» DATASET SECTION
━━━━━━━━━━━━━━━━━━━━
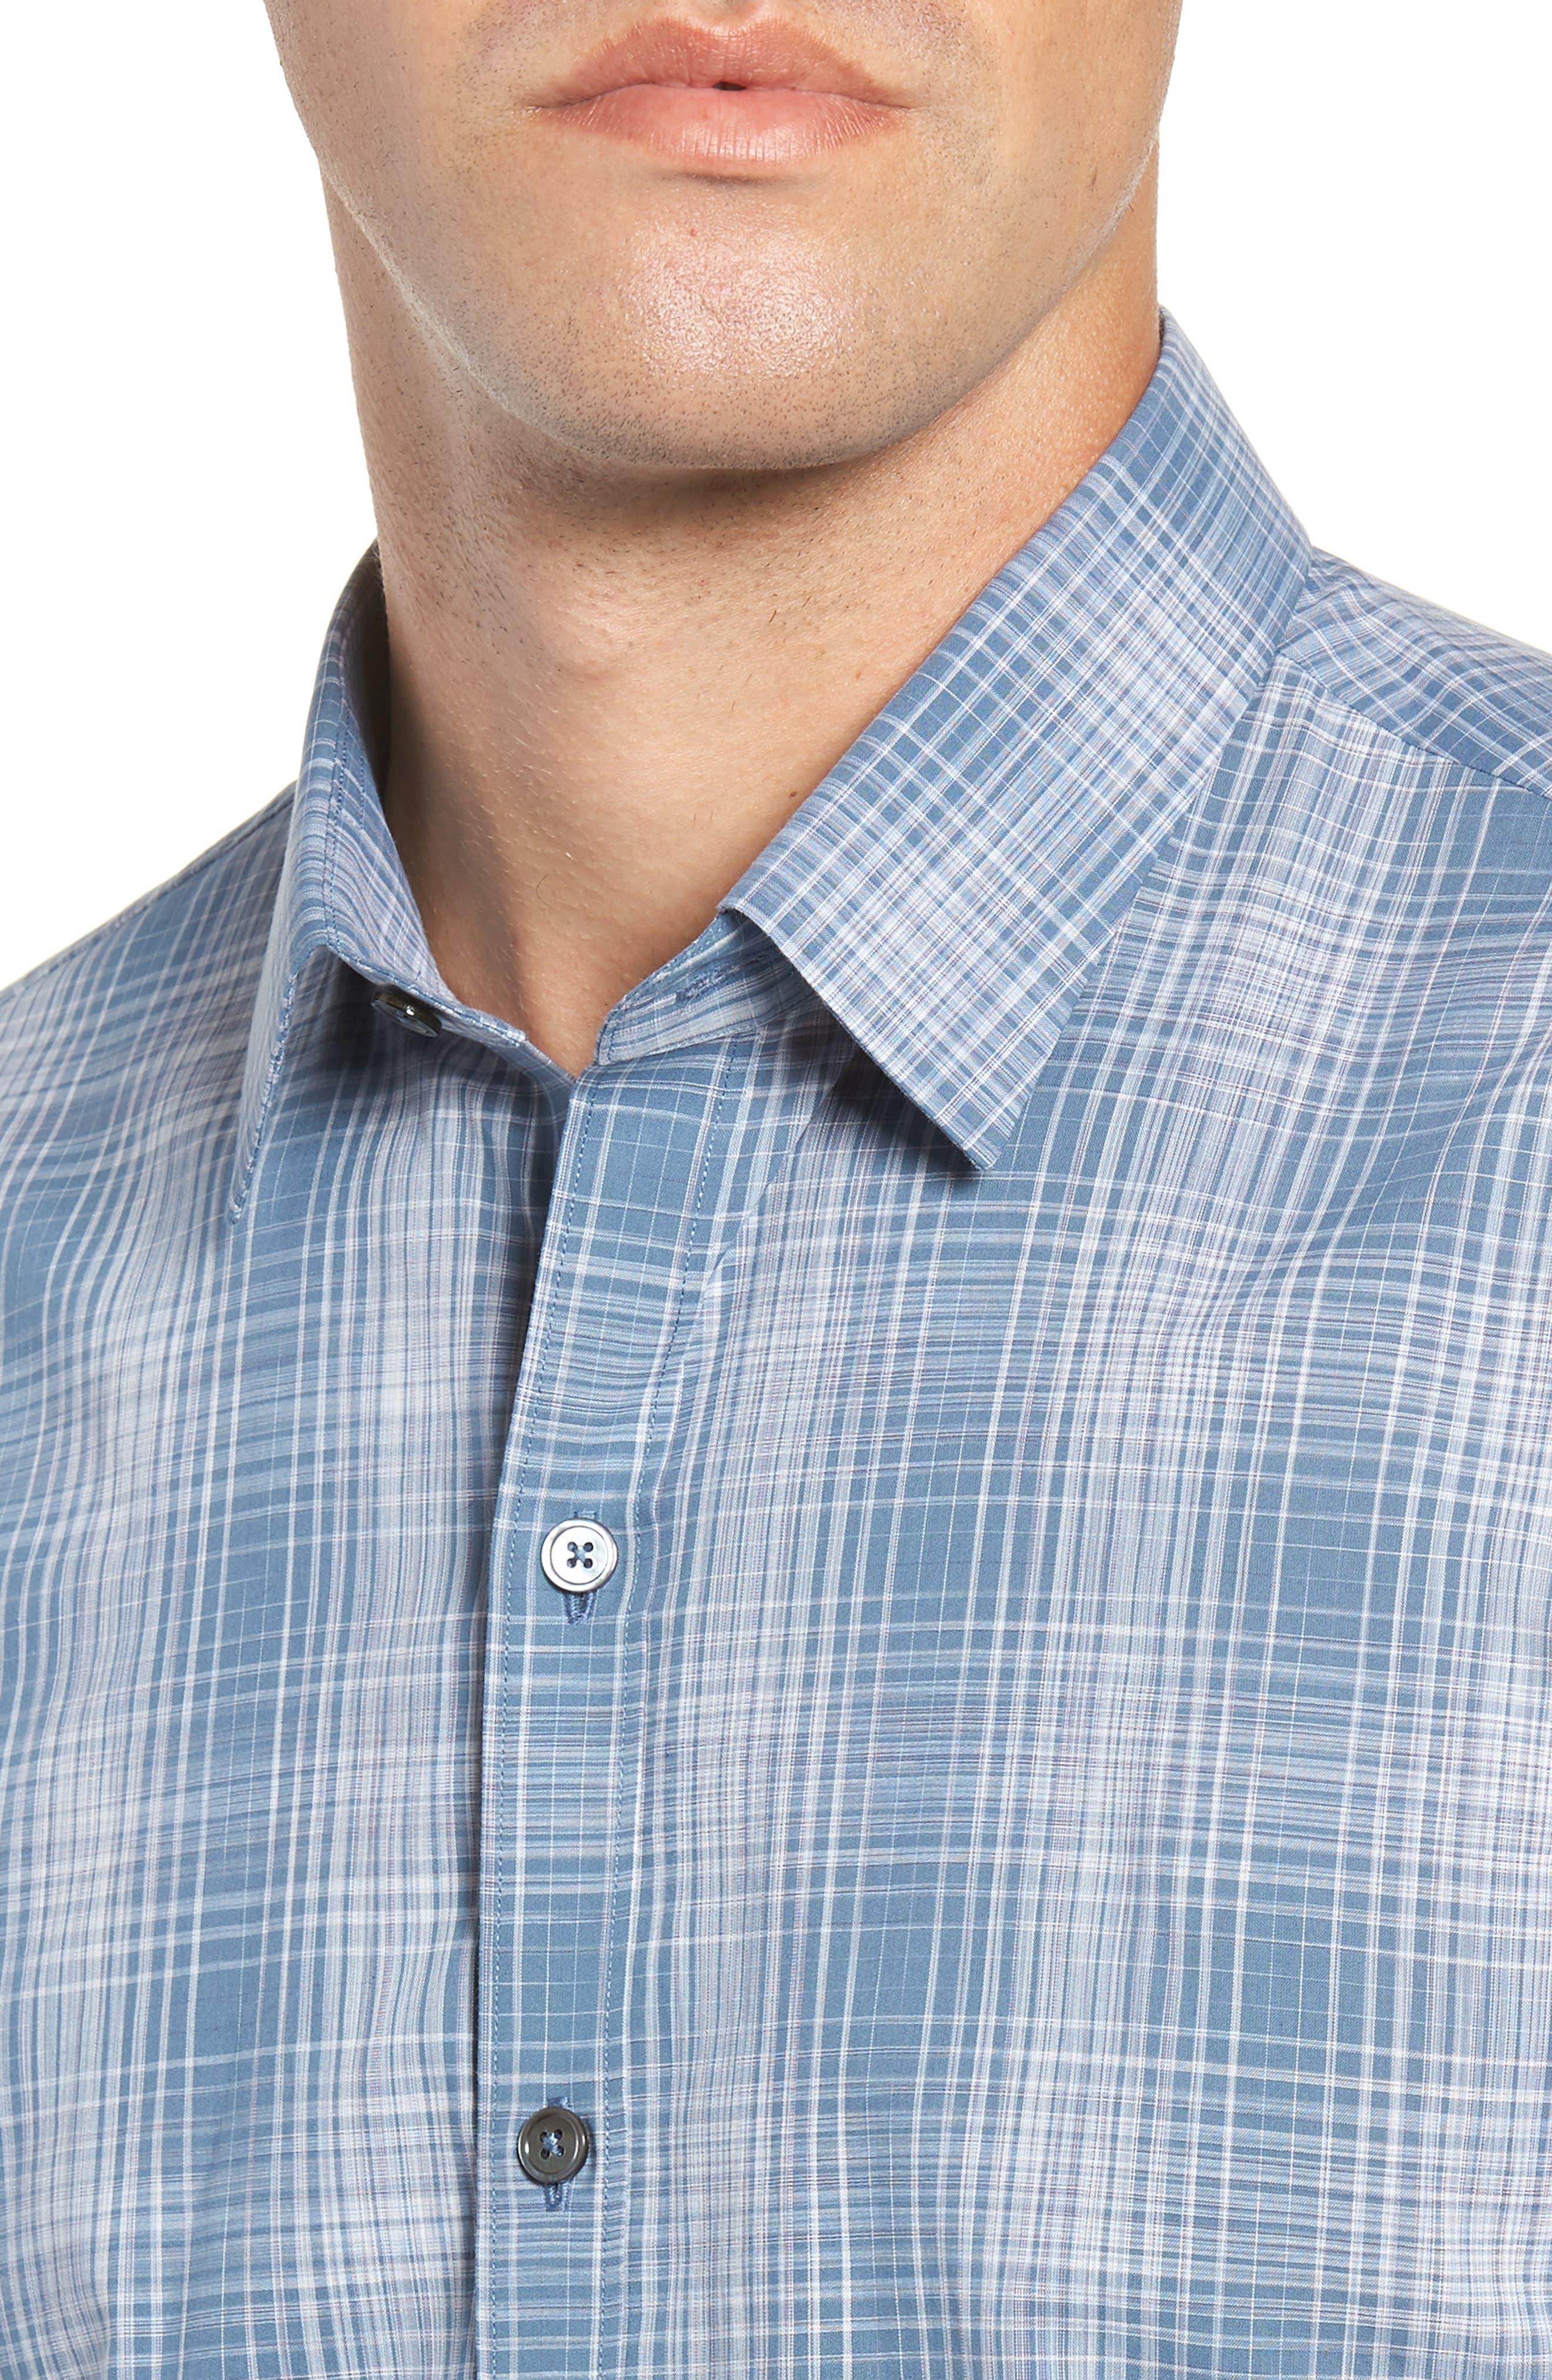 Slater Check Sport Shirt,                             Alternate thumbnail 2, color,                             PALE BLUE
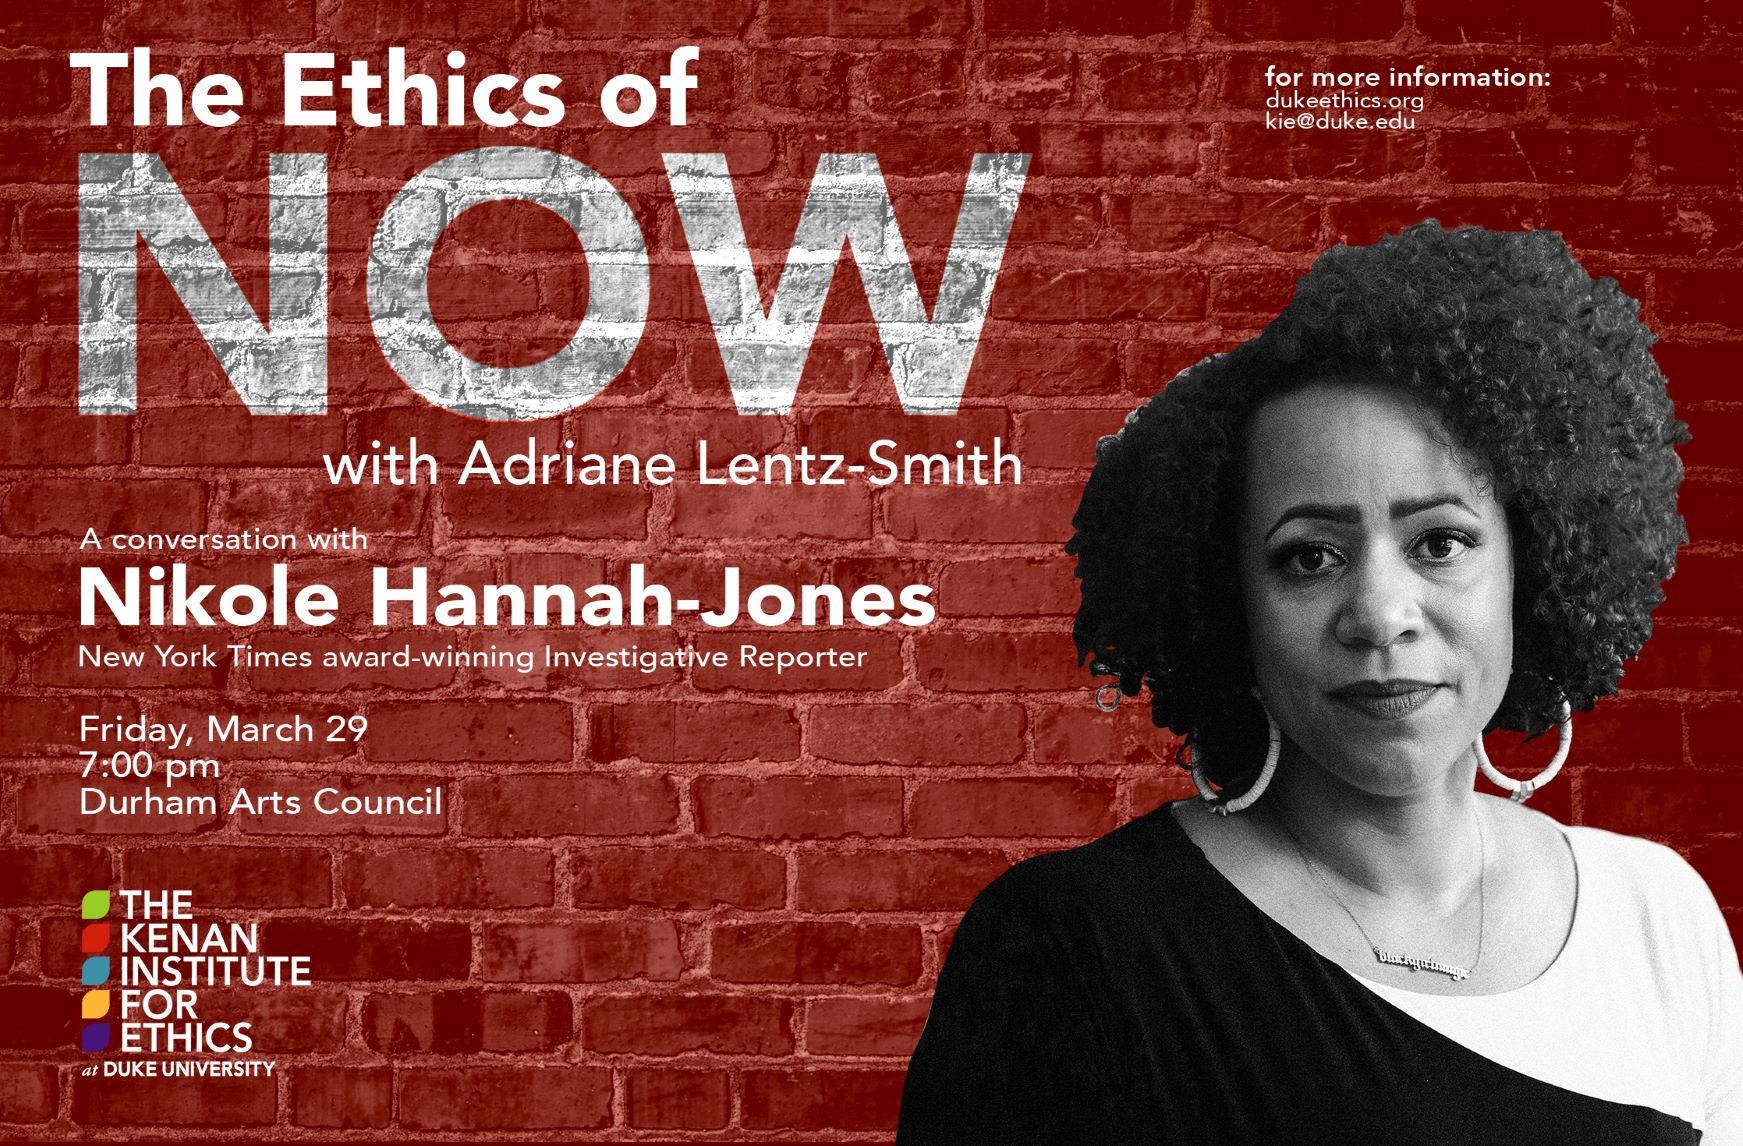 ethics of now Nikole Hannah-Jones
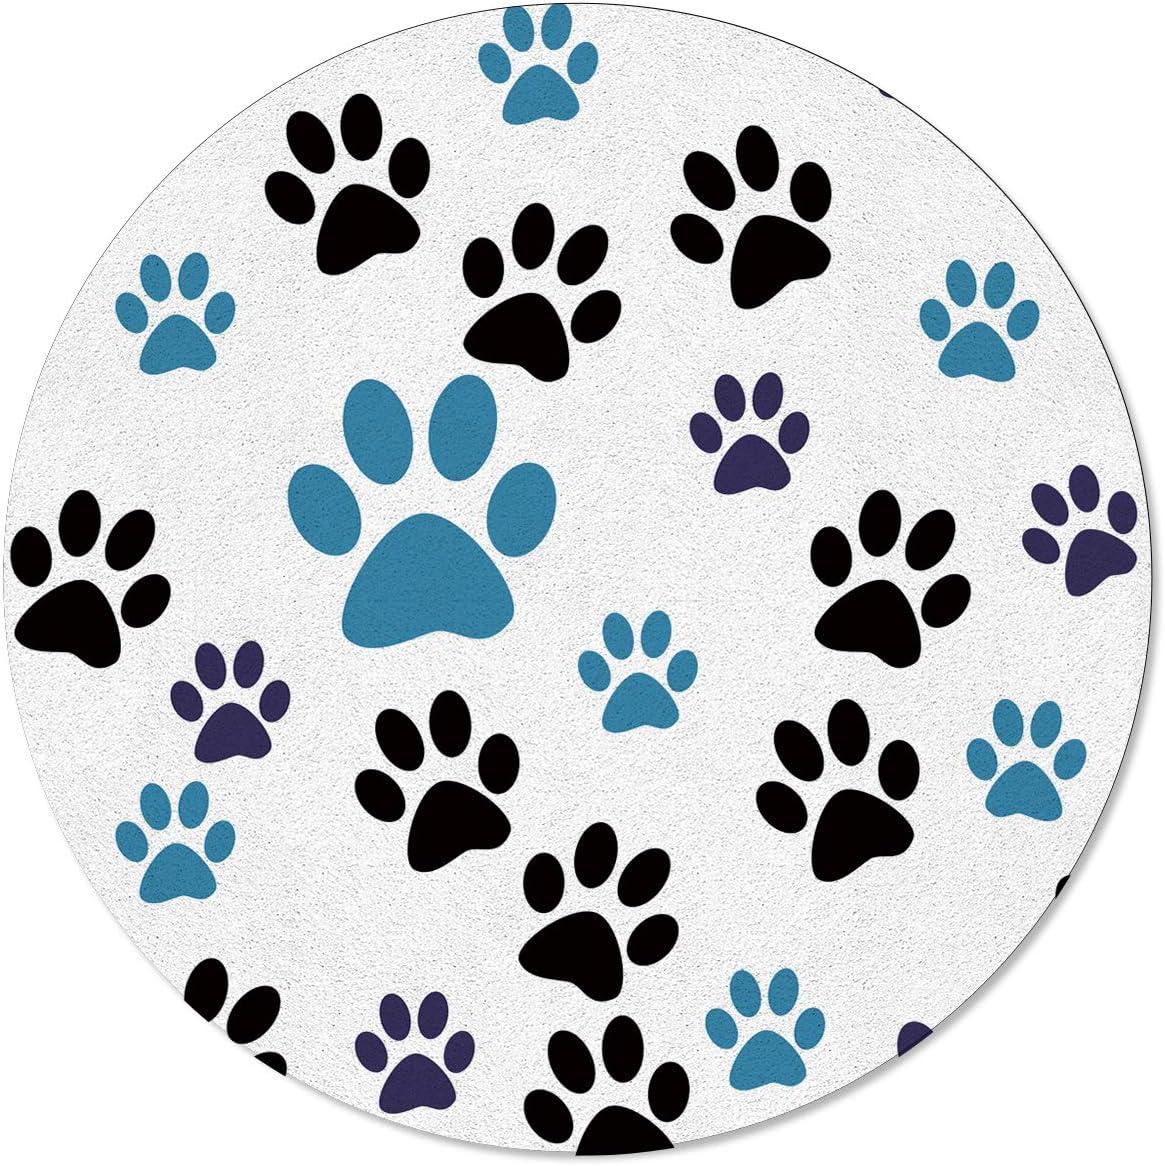 OneHoney Animal Dog's Paw Print Round 超定番 全品送料無料 3.3 Feet Rugs Indoor Area
━━━━━━━━━━━━━━━━━━━━
» EXERCISE REQUIREMENTS
Return the listing above verbatim and exclude every picture.

» EXERCISE RESPONSE
 Slater Check Sport Shirt,                             Alternate thumbnail 2, color,                             PALE BLUE
 ethics of now Nikole Hannah-Jones
 OneHoney Animal Dog's Paw Print Round 超定番 全品送料無料 3.3 Feet Rugs Indoor Area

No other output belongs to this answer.